The problem: Transcribe the entries below word for word, beginning at the line with "3D情人节图标素材下载 3D Valentine" and stopping after the line with "Kenzo Tube Top"; drop all pictures.

Records provided:
BEGIN
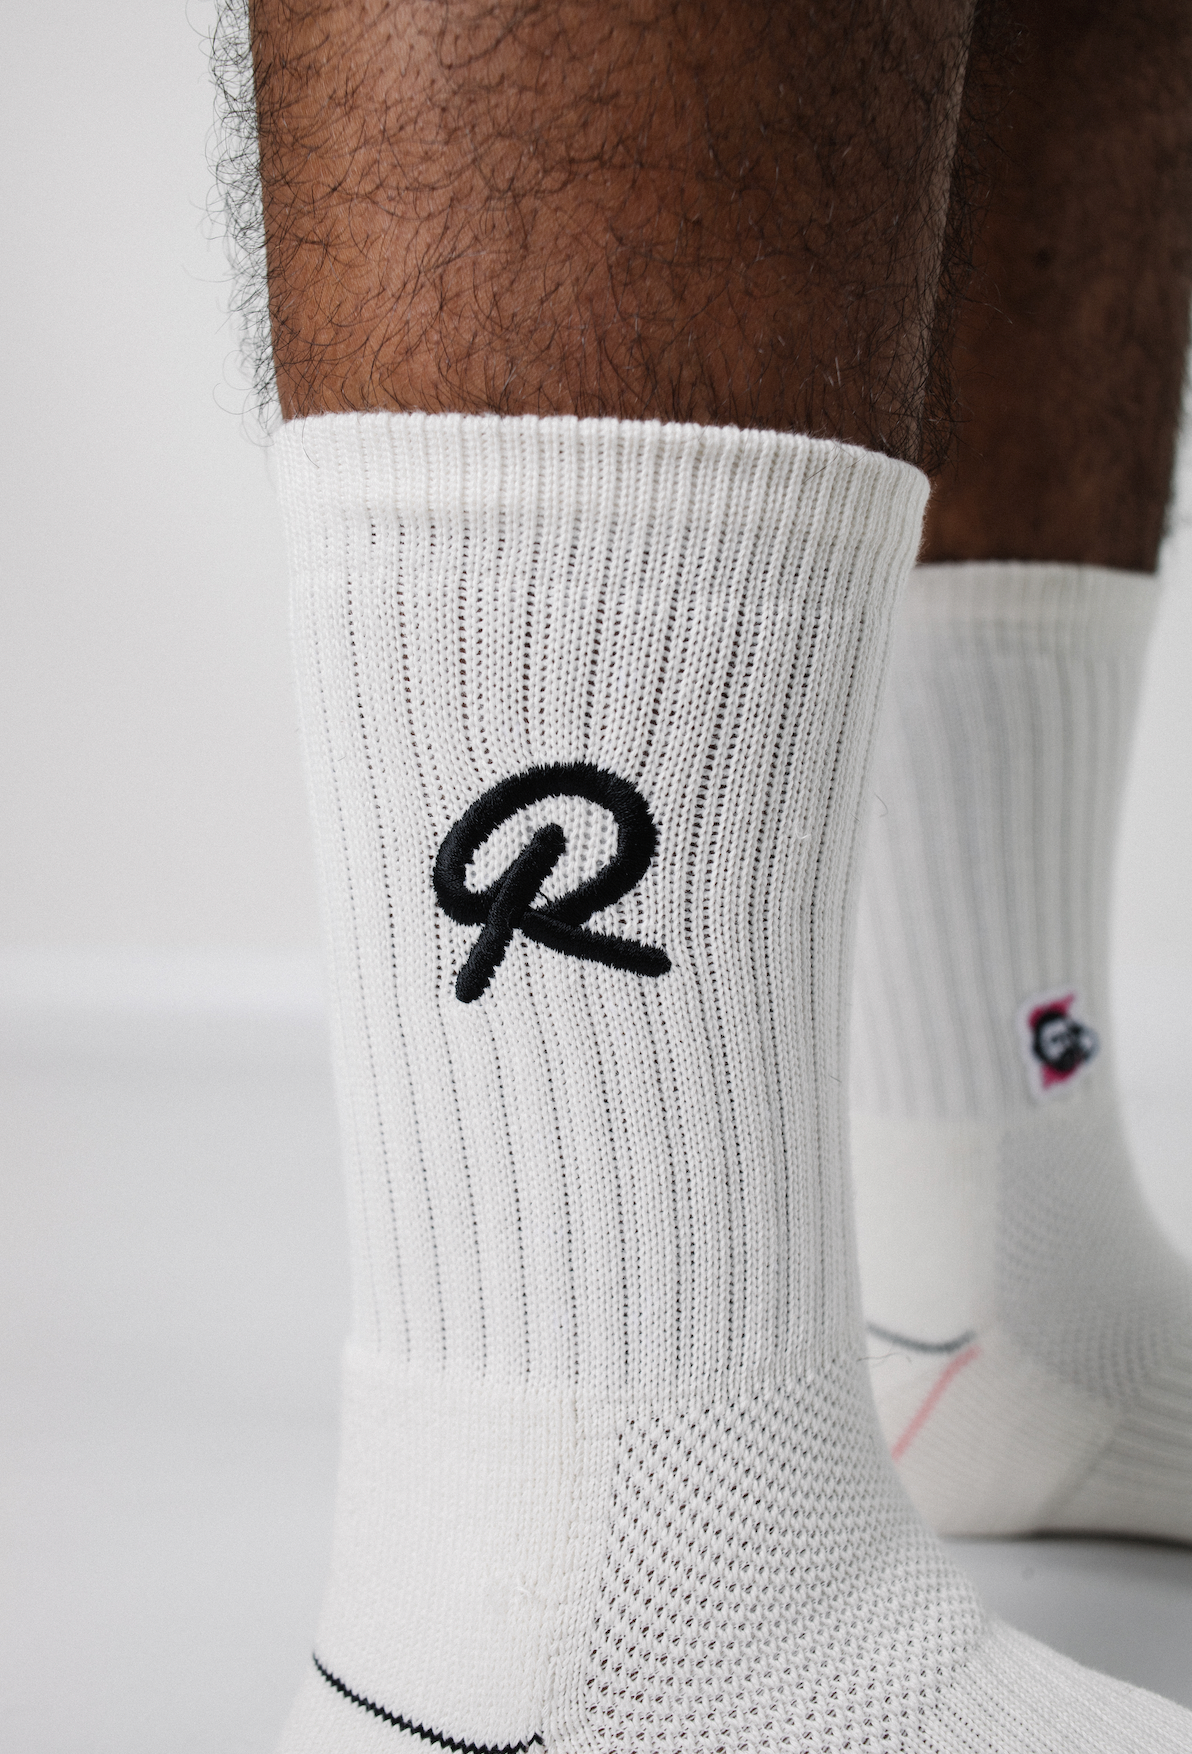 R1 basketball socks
END
BEGIN
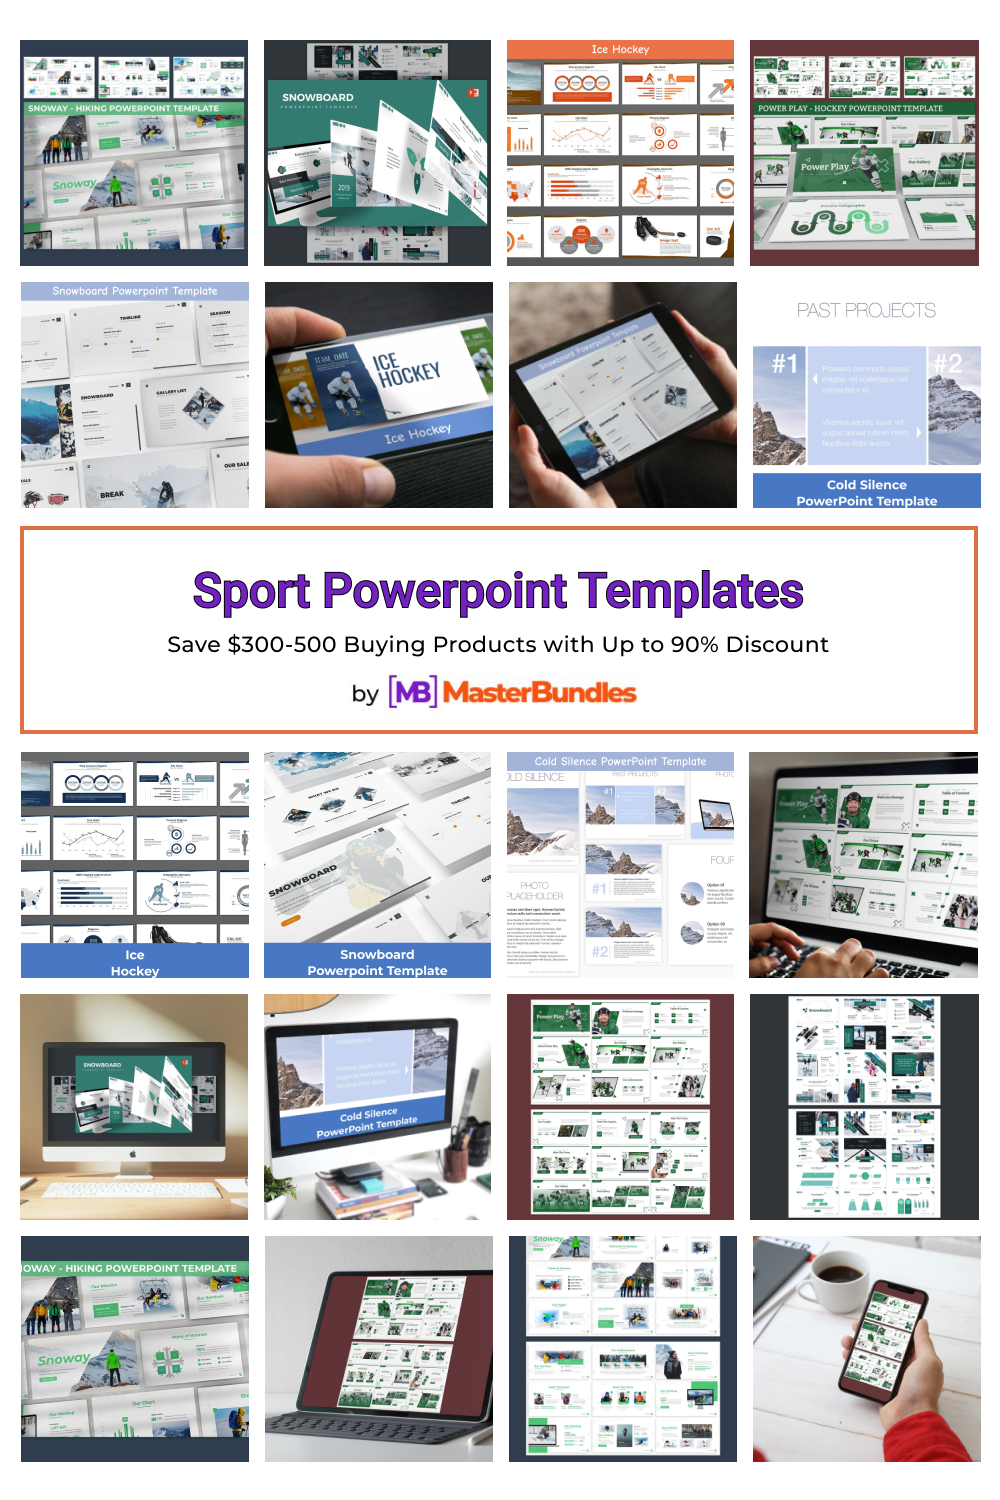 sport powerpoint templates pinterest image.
END
BEGIN
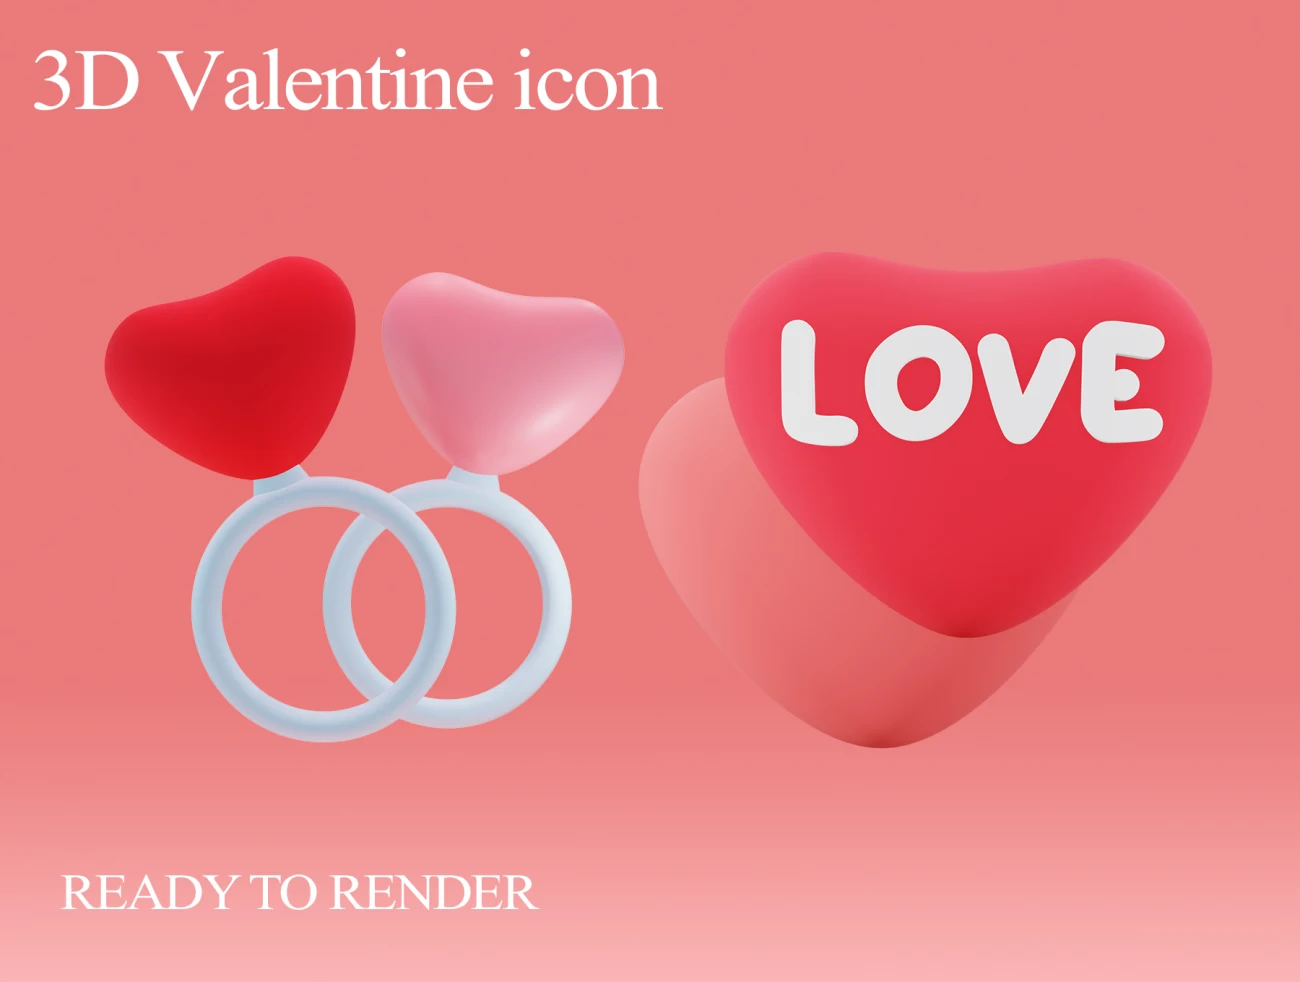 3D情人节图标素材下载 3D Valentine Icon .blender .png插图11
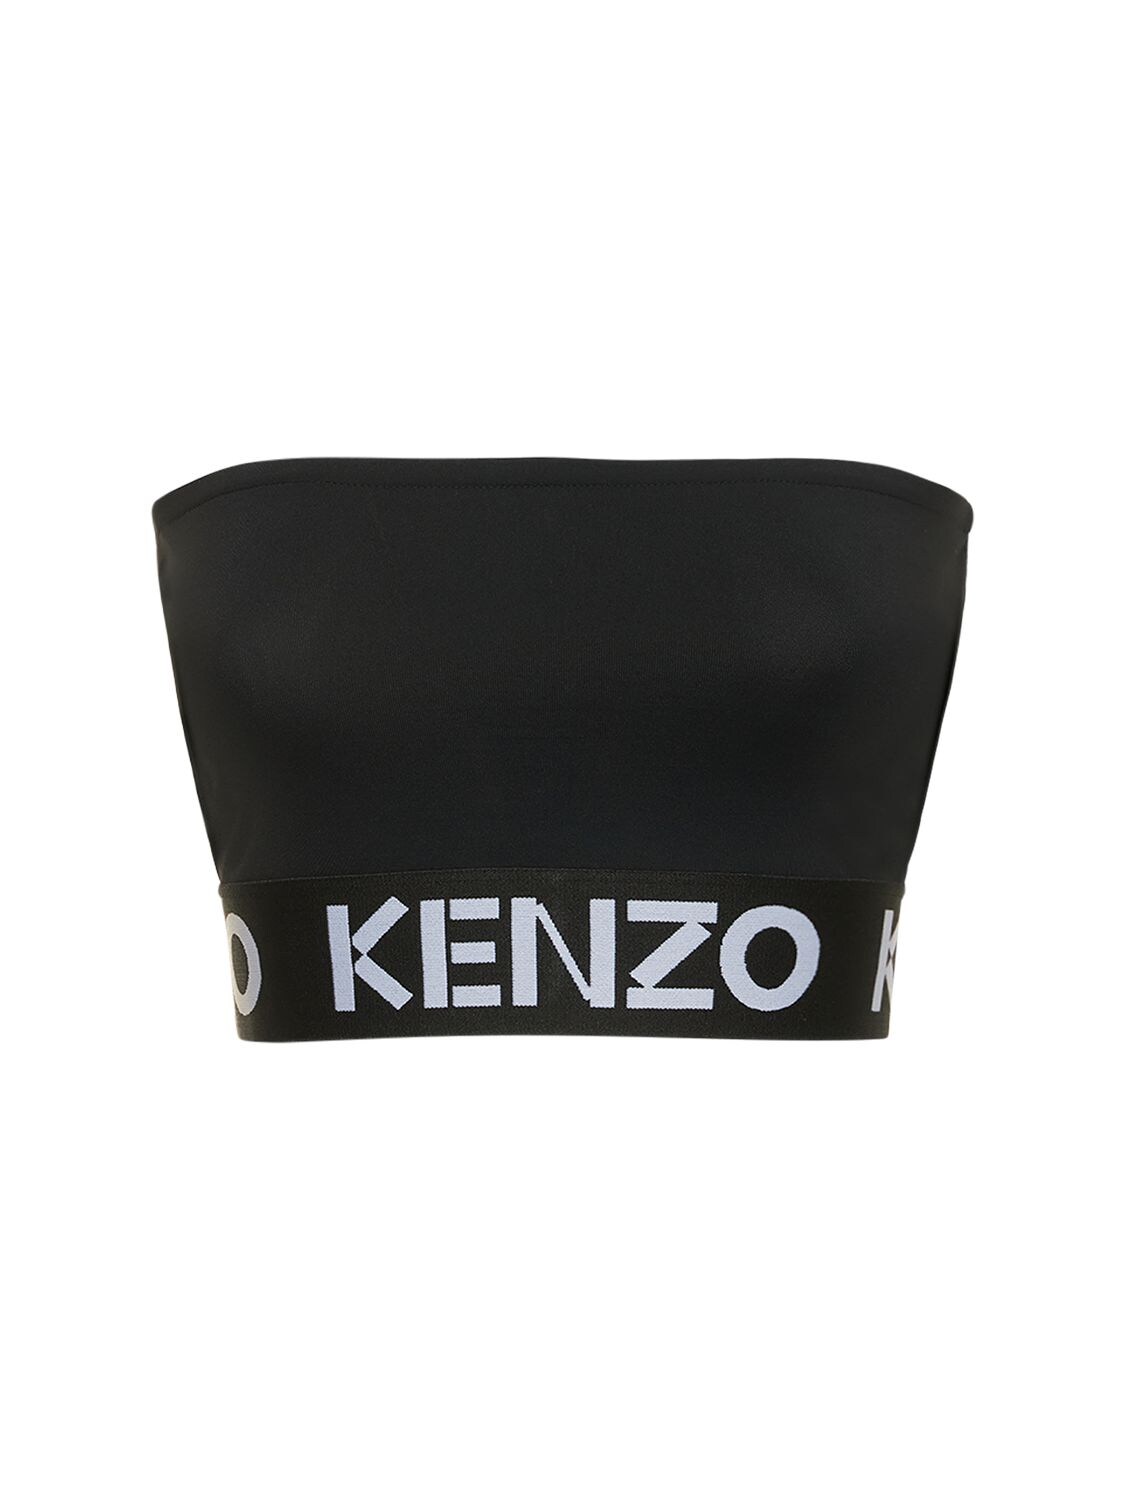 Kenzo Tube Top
END
Written response:
 3D情人节图标素材下载 3D Valentine Icon .blender .png插图11
 Kenzo Tube Top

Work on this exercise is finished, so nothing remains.